Bringing back memories is a good thing as it can root people in the moment and connects them with their past.

Sporting memories have a key role in maintaining social contacts and that is one of the protective effects in dementia. Although not specific for dementia, sporting memories can have a positive effect in bringing people together and so have a beneficial effect on loneliness and isolation as well.

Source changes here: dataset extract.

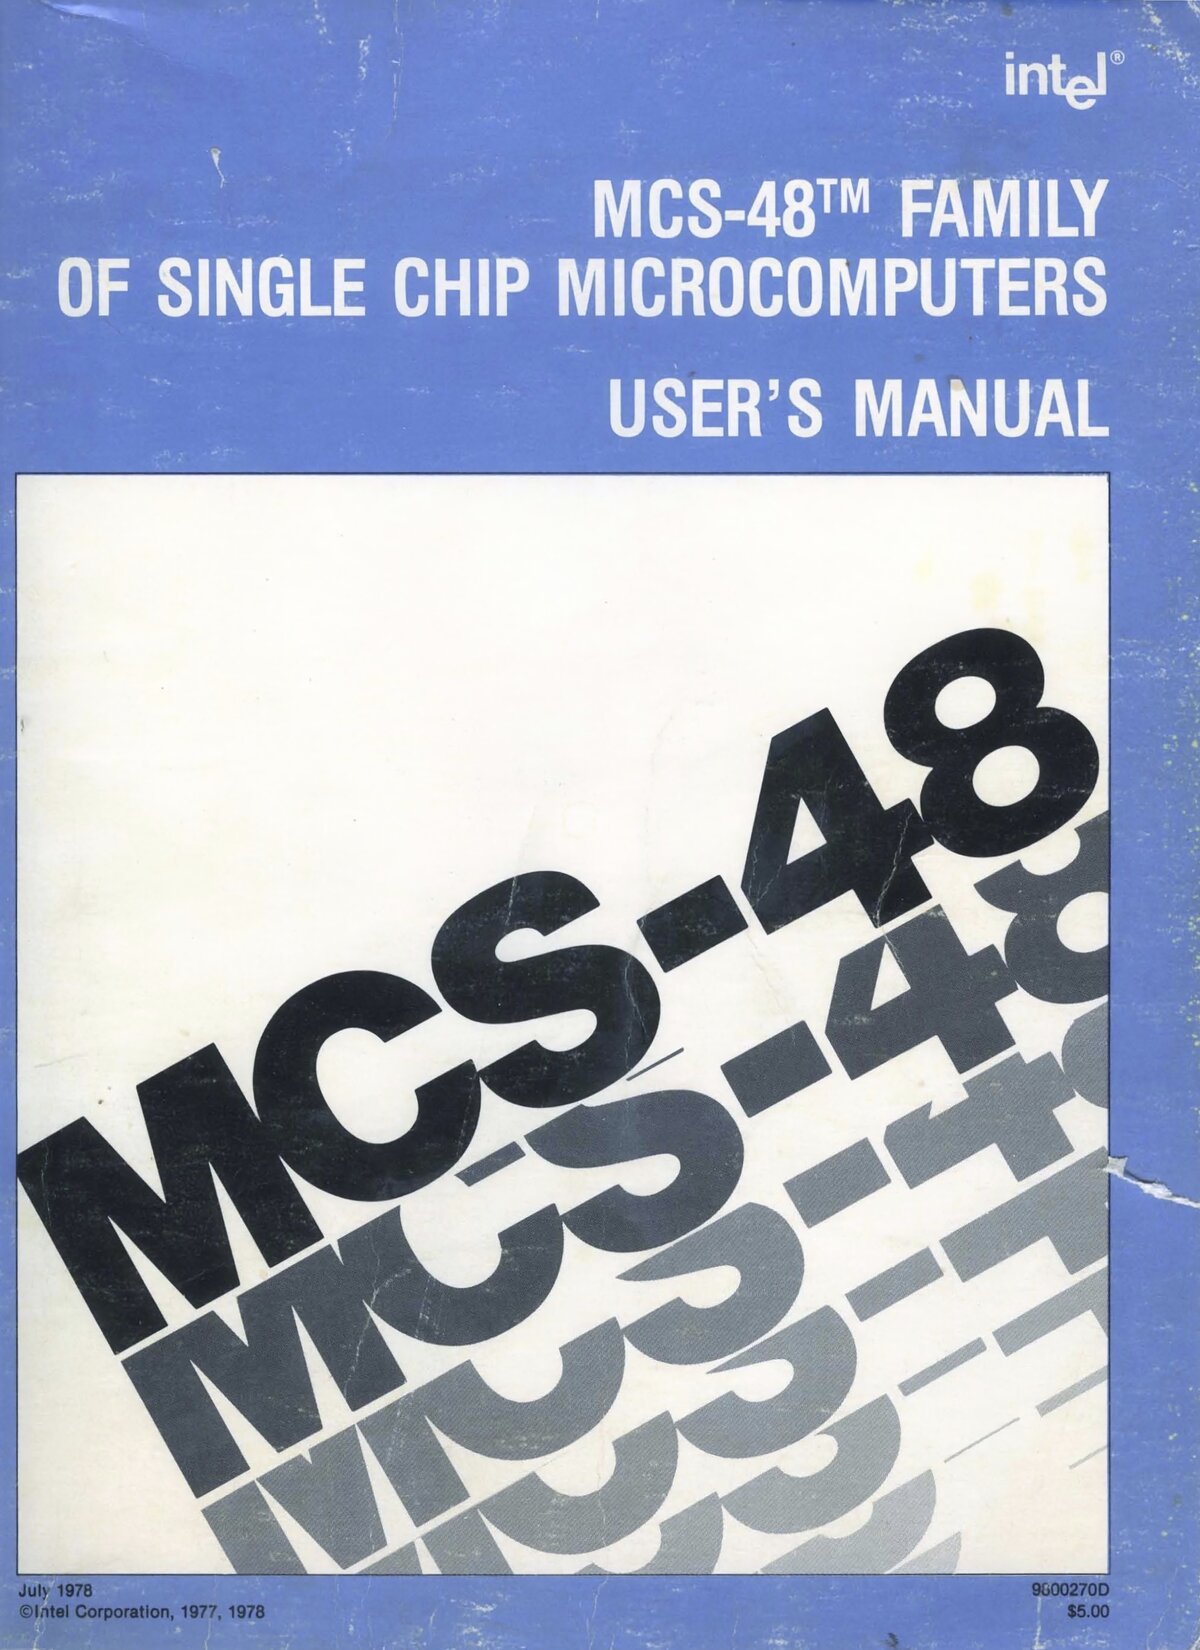 The Intel MCS-48 manual

So, take the opportunity of the excitement of the World Cup to sit down with older people you know – share memories, rekindle moments in people’s lives and keep the brain active and the mind healthy.

Professor Alistair Burns

Alistair Burns is Professor of Old Age Psychiatry at The University of Manchester and an Honorary Consultant Old Age Psychiatrist in the Greater Manchester Mental Health NHS Foundation Trust. He is the National Clinical Director for Dementia and Older People’s Mental Health at NHS England and NHS Improvement.

He graduated in medicine from Glasgow University in 1980, training in psychiatry at the Maudsley Hospital and Institute of Psychiatry in London. He became the Foundation Chair of Old Age Psychiatry in The University of Manchester in 1992, where he has variously been Head of the Division of Psychiatry and a Vice Dean in the Faculty of Medical and Human Sciences, with responsibility for liaison within the NHS. He set up the Memory Clinic in Manchester and helped establish the old age liaison psychiatry service at Wythenshawe Hospital. He is a Past President of the International Psychogeriatric Association.

He was Editor of the International Journal of Geriatric Psychiatry for twenty years, (retiring in 2017) and is on the Editorial Boards of the British Journal of Psychiatry and International Psychogeriatrics. His research and clinical interests are in mental health problems of older people, particularly dementia and Alzheimer’s disease. He has published over 300 papers and 25 books.

He was made an honorary fellow of the Royal College of Psychiatrists in 2016, received the lifetime achievement award from their old age Faculty in 2015 and was awarded the CBE in 2016 for contributions to health and social care, in particular dementia.